Very nice!! Looking at a 1 litre focus at the minute for the misses, they are impressive.


----------



## ravi811 (Jul 19, 2012)

Quick update on the rear guys


----------



## Kobeone (Dec 14, 2011)

Not a fan of the new focus myslf, but does look good in white. Nice motor mate


----------



## Wout_RS (Jun 13, 2012)

stunning car!


----------



## MEH4N (Mar 15, 2012)

very nice car/s. My dad got me into fords and i love them. Yours looks spot on and welcome from another rav.


----------



## franjbOL (Apr 2, 2012)

nice pics! jej


----------



## ravi811 (Jul 19, 2012)

Kobeone said:


> Not a fan of the new focus myslf, but does look good in white.

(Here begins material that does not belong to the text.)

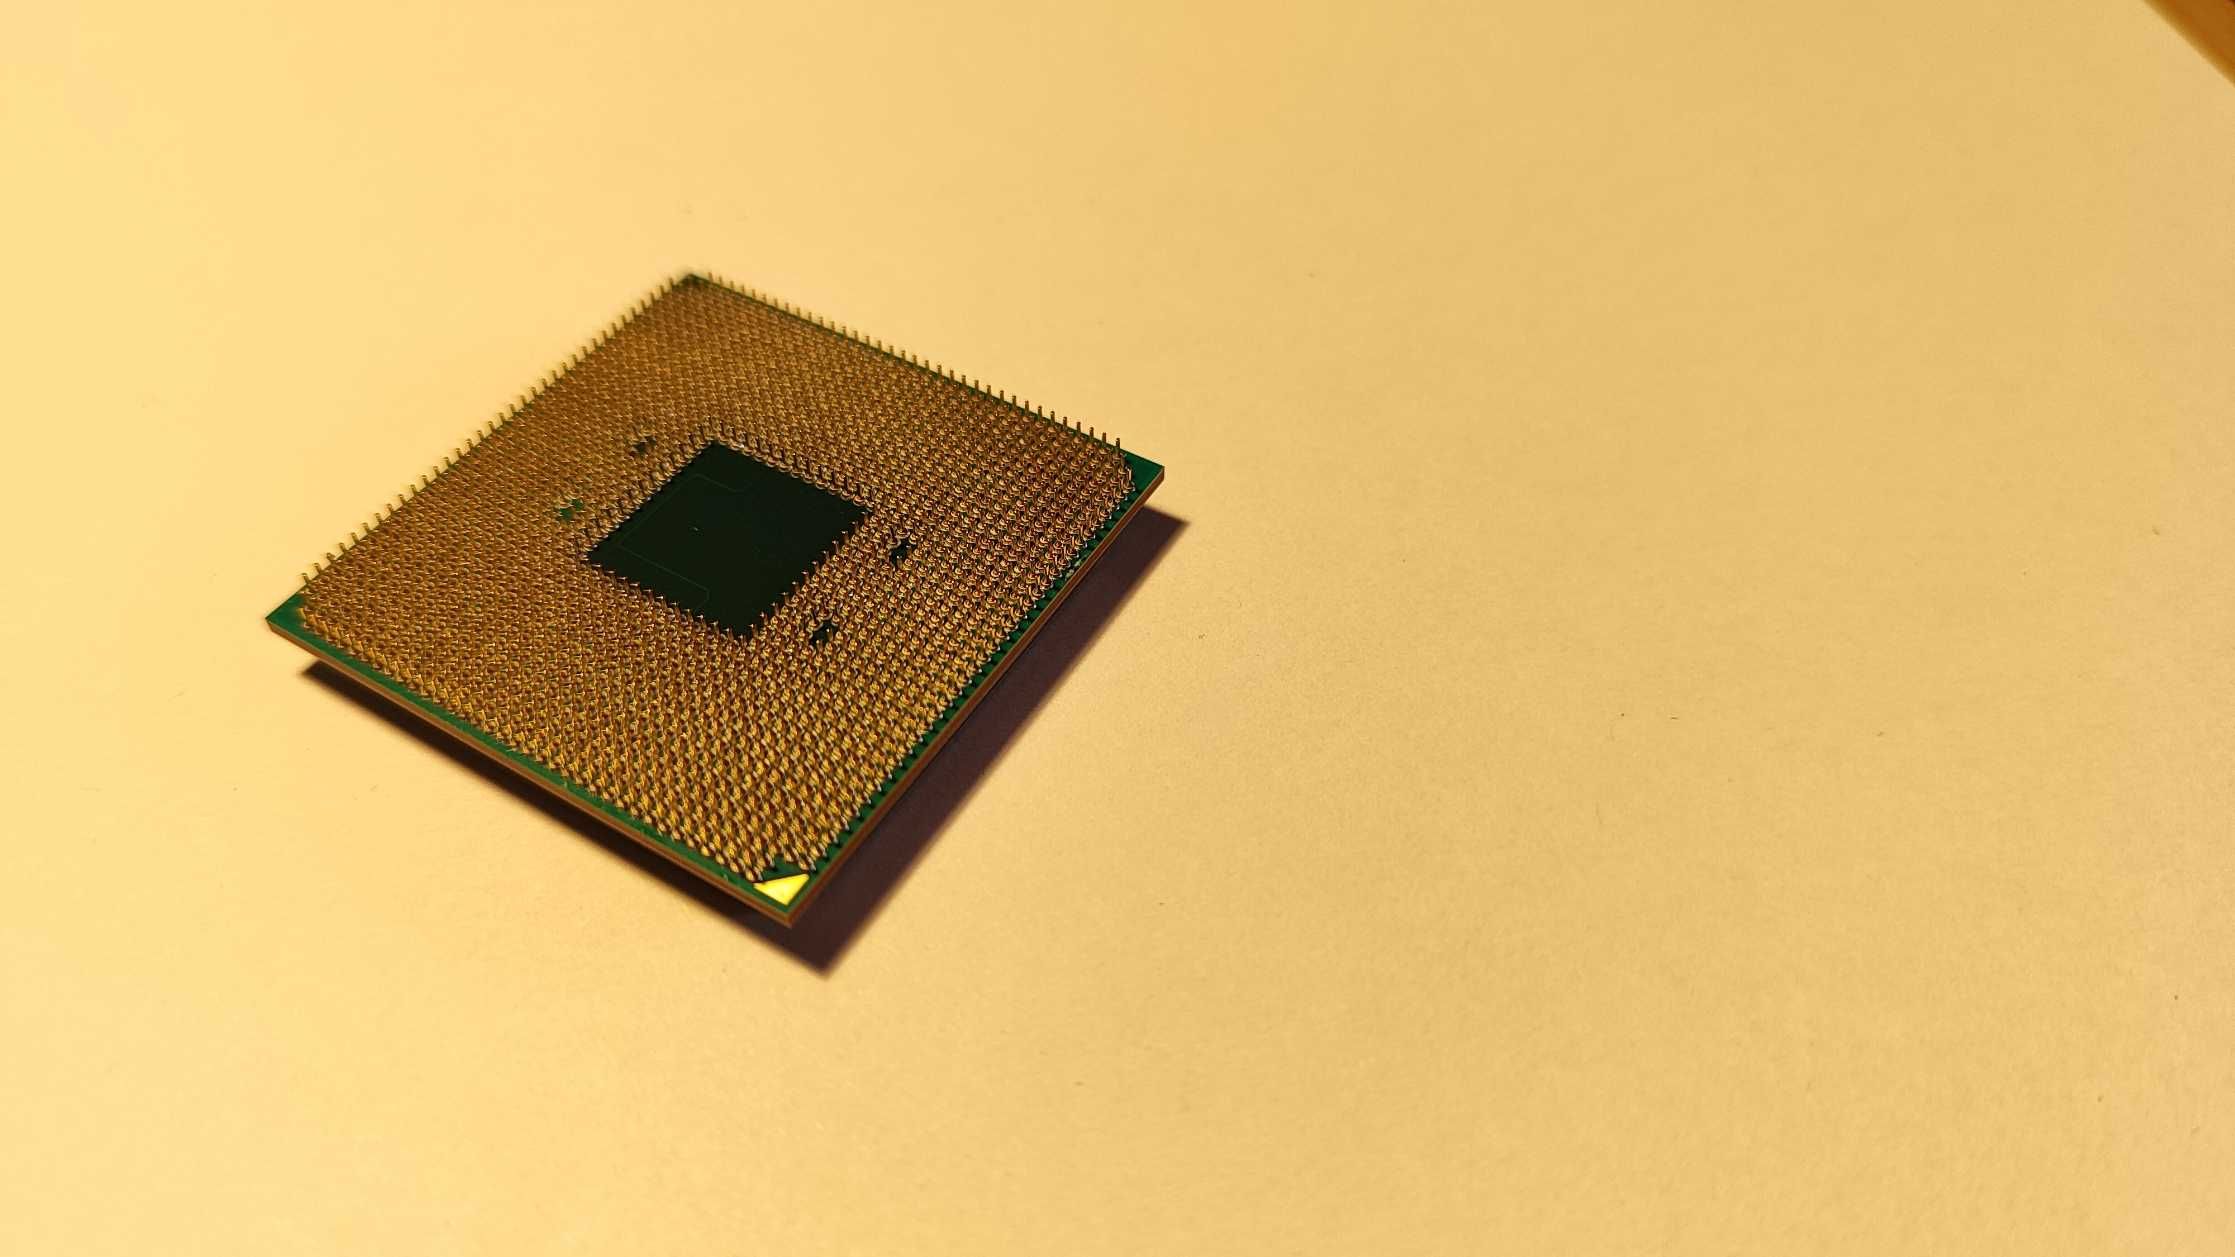 Procesor AMD ryzen 3 pro 3200g

Nice motor mate


Thank you mate


----------



## ravi811 (Jul 19, 2012)

Wout_RS said:


> stunning car!


Cheers mate


----------



## ravi811 (Jul 19, 2012)

Mehan said:


> very nice car/s. My dad got me into fords and i love them. Yours looks spot on and welcome from another rav.


Thanks rav  what fords has your dad got you into then?


----------



## Planet Admin (Jul 11, 2009)

Very nice mate, like that black rims with the white, suits well:thumb:


----------